Lo Smart Working è in piena fioritura. La flessibilità di orari e luoghi di lavoro è sempre più gradita sia dagli imprenditori che dai dipendenti. Si sviluppano nuove modalità organizzative. In estate si è diffusa la tendenza ad accorpare ferie e attività operativa, prolungando la permanenza nei luoghi di vacanza in un’alternanza di lavoro e riposo. Per una corretta applicazione del lavoro agile, secondo Chiara Bisconti, sono fondamentali gli accordi individuali previsti per legge, che dopo un periodo di sospensione sono tornati in vigore a partire dal primo settembre 2022. La dottoressa Bisconti è Consulente delle Risorse Umane e autrice del libro “Smart Agili Felici” edito da Garzanti nel 2021. Per dieci anni è stata HR Director della Sanpellegrino (gruppo Nestlé).
Sembra di essere in presenza di un autentico boom dello Smart Working. Dalle quattro giornate mensili del 2019 si è passati alle attuali due giornate settimanali. Vuole fare il punto della situazione per quanto riguarda l’Italia, dottoressa Bisconti?
Giustamente lei usa il termine boom. Prima della pandemia in Italia solo mezzo milione di persone erano coinvolte nello Smart Working, per lo più in grandi aziende multinazionali e in misura minore nella pubblica amministrazione. Nel periodo della peggiore emergenza Covid c’è stato una forte spinta, in condizioni di necessità, verso il ricorso a una particolare modalità dello smart working, che è il lavoro da remoto. La gente così sì è familiarizzata con l’idea che ci sono altri modi di lavorare fuori dai paradigmi tradizionali. Il dato che lei ha citato è significativo, e per essere più precisi la media oggi è di 10 giornate al mese, mentre le persone coinvolte sono 7 milioni, con buone probabilità di arrivare a 8. In altre parole si è raddoppiato l’utilizzo del lavoro agile in termini temporali, e si è addirittura decuplicata la platea degli utenti. L’estate di questo 2022 è stata un banco di prova molto interessante essendo affiorate altre modalità più complesse che non l’alternanza fra lavoro in casa e lavoro in ufficio.
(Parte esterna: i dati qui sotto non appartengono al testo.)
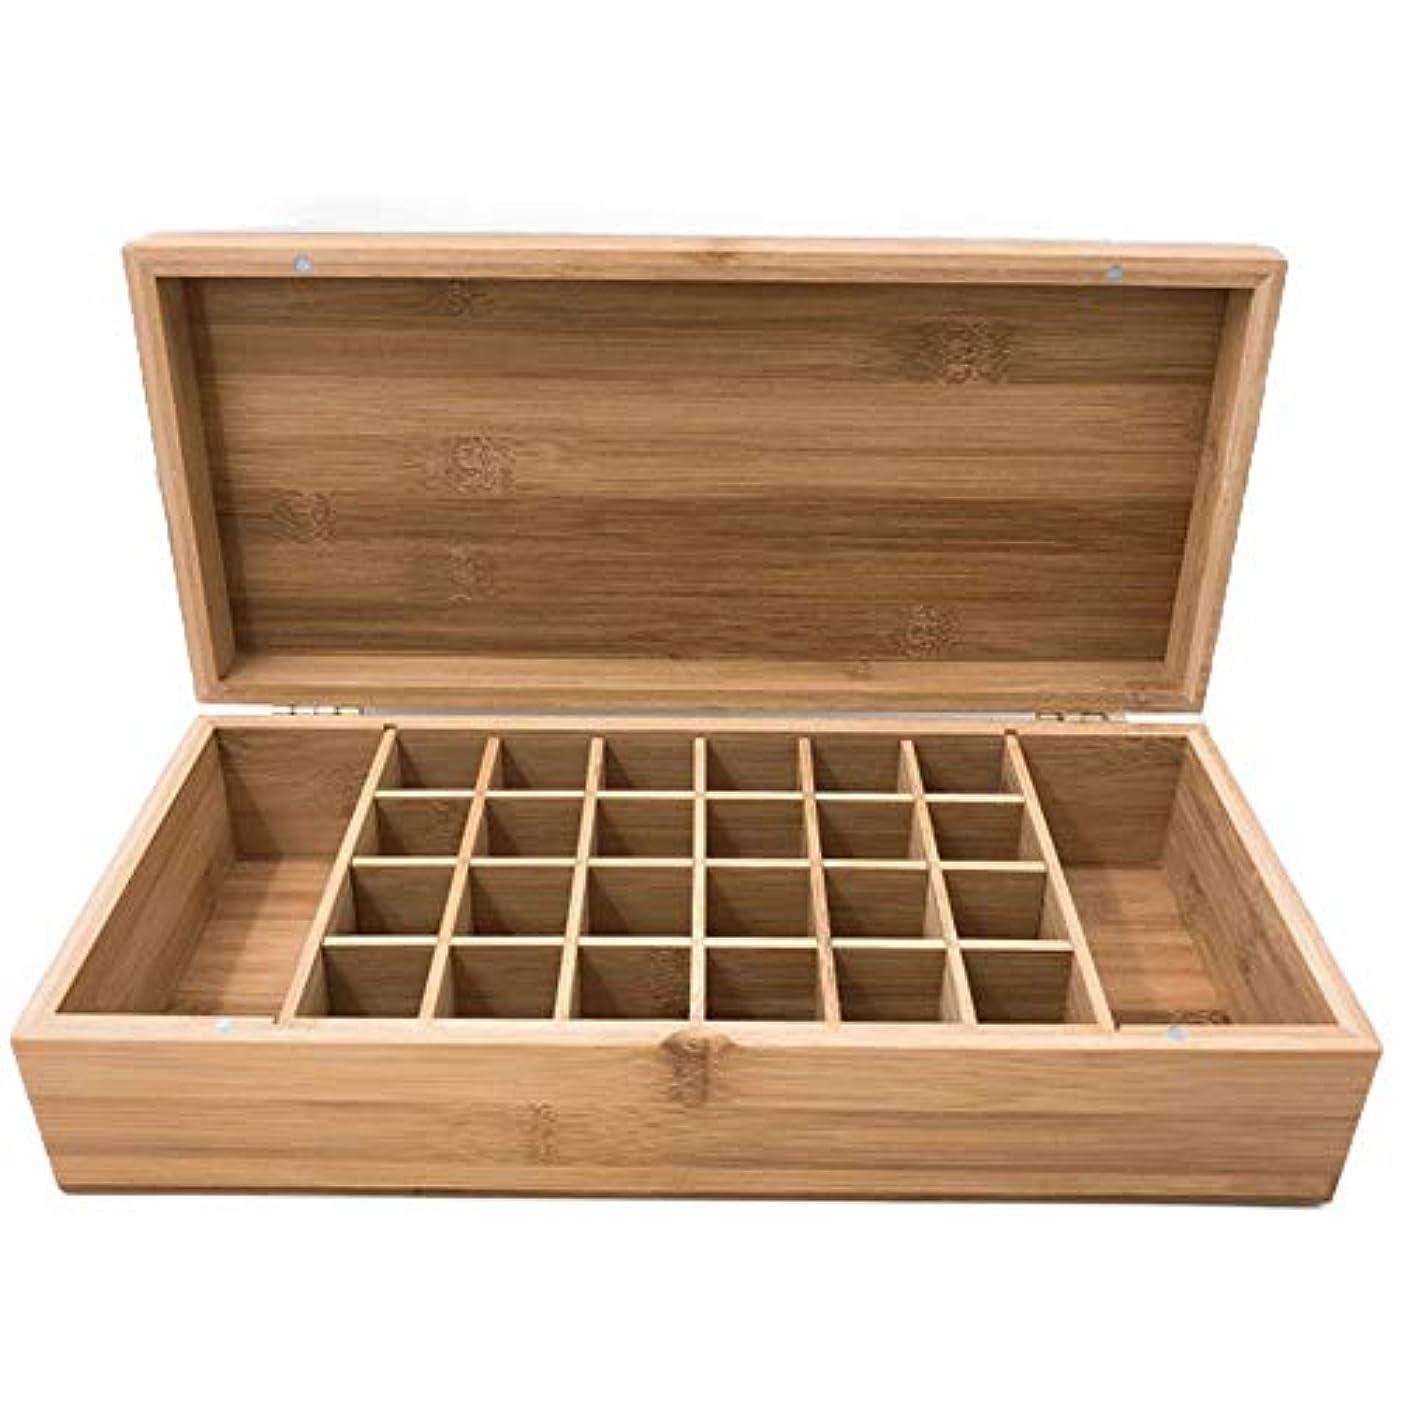 しかしながら活発完璧アロマセラピー油ボトル用エッセンシャルオイルストレージボックス26スロットは木製主催キャリングケース アロマセラピー製品 (色 : Natural, サイズ : 33.5X15X8.3CM)

Vuole parlare di queste nuove modalità?
Volentieri. Premetto che la legge 81 del 2017 definisce lo Smart Working come una prestazione basata sull’alternanza fra lavoro in azienda e in altri luoghi e con orari flessibili. Il binomio casa-ufficio non è però l’unico possibile. Ci sono altri siti, oltre alla residenza domestica, in cui è possibile espletare le proprie funzioni lavorative. Uno di questi può essere il posto in cui si trascorrono le ferie. E durante l’estate di quest’anno è accaduto proprio questo. Molte persone hanno scelto di trascorrere periodi più lunghi nelle località di vacanza, realizzando nella seconda casa o nella pensione o nell’hotel un’alternanza di tempi lavorativi e feriali. Ciò spesso ha stimolato fra l’altro un cambiamento dell’offerta alberghiera, poiché molti clienti chiedevano la disponibilità di una stanza o di uno spazio supplementare per poter conciliare meglio l’esigenza lavorativa con quella del riposo. Per molte famiglie questo ha rappresentato un indubbio vantaggio, perché i genitori hanno potuto trascorrere tempi più lunghi assieme ai figli nei luoghi in cui altrimenti avrebbero dovuto limitare la presenza a poche settimane.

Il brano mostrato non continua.